Upon receiving an OriginalJob, if no preset Expert exists, the Leader decomposes it into a subjob graph (JobGraph). This graph is a Directed Acyclic Graph (DAG) where nodes represent subjobs (SubJob) and edges represent dependencies between them.

If the OriginalJob has a preset Expert, the Leader skips decomposition and directly assigns the job to that Expert, resulting in a single-node JobGraph (the original job itself).

Chat2Graph explicitly defines subjob fields (see JOB_DECOMPOSITION_OUTPUT_SCHEMA) and uses JobGraph to express dependencies between subjobs.

Field	Description
`goal`	The goal, which must precisely reflect the user's latest request.
`context`	Context, including a summary of conversation history, user feedback, and how this context shapes the current job.
`completion_criteria`	Completion criteria, which must be clear, measurable, and directly address needs or corrections highlighted in the conversation history.
`dependencies`	Dependencies, defined only when generating multiple subjobs to establish relationships between them, forming a `JobGraph` managed by `JobService`.
`assigned_expert`	The assigned expert's name, indicating which expert will handle this subjob.
`thinking`	Reasoning process, requiring the LLM to explain in first-person why this subjob is necessary, its preliminary approach, and key considerations.

2.2. Assignment

During job assignment, the Leader assigns subjobs organized in the JobGraph to corresponding experts for execution.

Parallel Task Scheduling: The Leader uses a thread pool to parallelize subjobs without dependencies or whose dependencies are already met.
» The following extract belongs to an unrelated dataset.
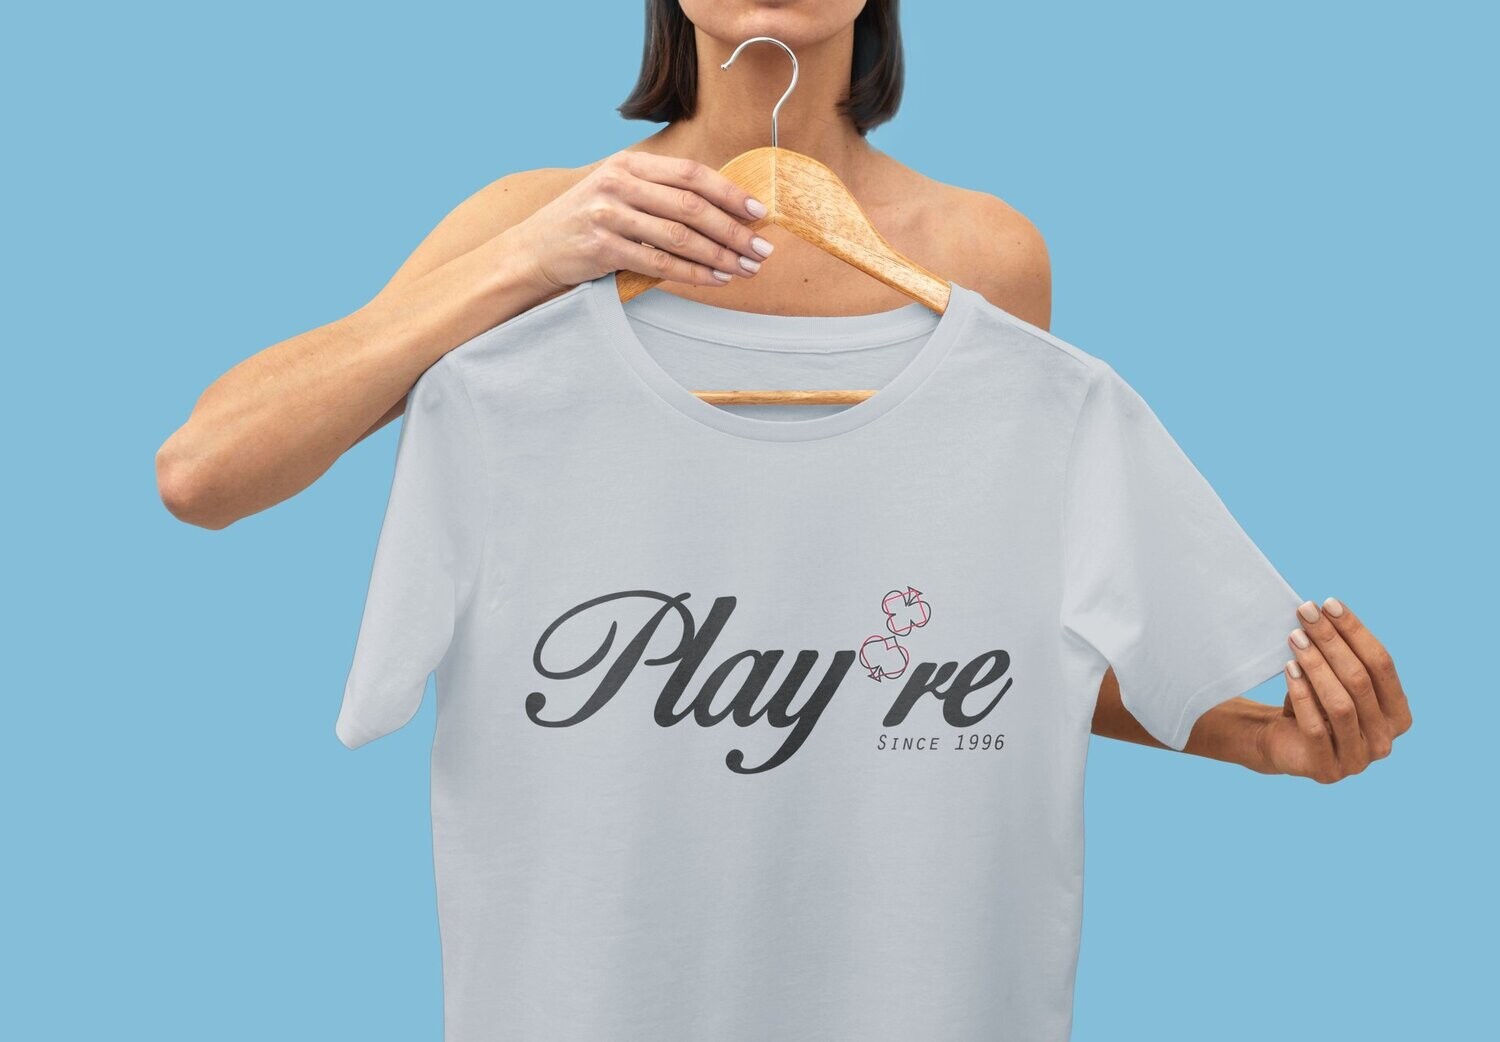 T Shirt Play're Femme

It continuously monitors job status, submitting subjobs for execution once all their predecessors complete.
Expert Assignment: Each SubJob is dispatched to its designated Expert. The Expert executes its internal Workflow to process the subjob.

Document Image

2.3. Execution

We use a state machine to explain the transfer and transition mechanism between Job/SubJob and Agent. Document Image

After an Expert completes a SubJob, it returns a WorkflowMessage containing workflow_status, which determines subsequent actions:

SUCCESS: The subjob completes successfully. The Leader records the result, updates the JobGraph state, and may trigger execution of dependent jobs.
EXECUTION_ERROR: An internal error occurs during Expert execution (e.g., API request failure). The Leader decides whether to retry based on retry_count. If retries are exhausted, the subjob and entire JobGraph may be marked as FAILED.
INPUT_DATA_ERROR: The Expert identifies invalid input data and cannot proceed. The Leader requeues this subjob and its dependencies, potentially attaching a lesson (feedback) for predecessor jobs to correct their output.
JOB_TOO_COMPLICATED_ERROR: The Expert deems the subjob too complex to handle alone. The Leader treats this subjob as a new OriginalJob, decomposing it further into smaller subjobs and updating the JobGraph. To prevent infinite decomposition, subjobs have a life_cycle counter that decrements with each decomposition until zero.

When all subjobs in the JobGraph complete successfully, the original job is marked as done. If any critical subjob fails or execution is interrupted (e.g., via fail_job_graph or stop_job_graph), the original job is marked as FAILED or STOPPED, respectively.

This state machine enables parallel processing based on dependencies while providing adaptability and error recovery. Additionally, JobGraph supports interruption (stop_job_graph) and resumption (recover_original_job), making multi-agent collaboration under the planner more flexible and controllable.

3. API

The Leader Agent provides the following core APIs.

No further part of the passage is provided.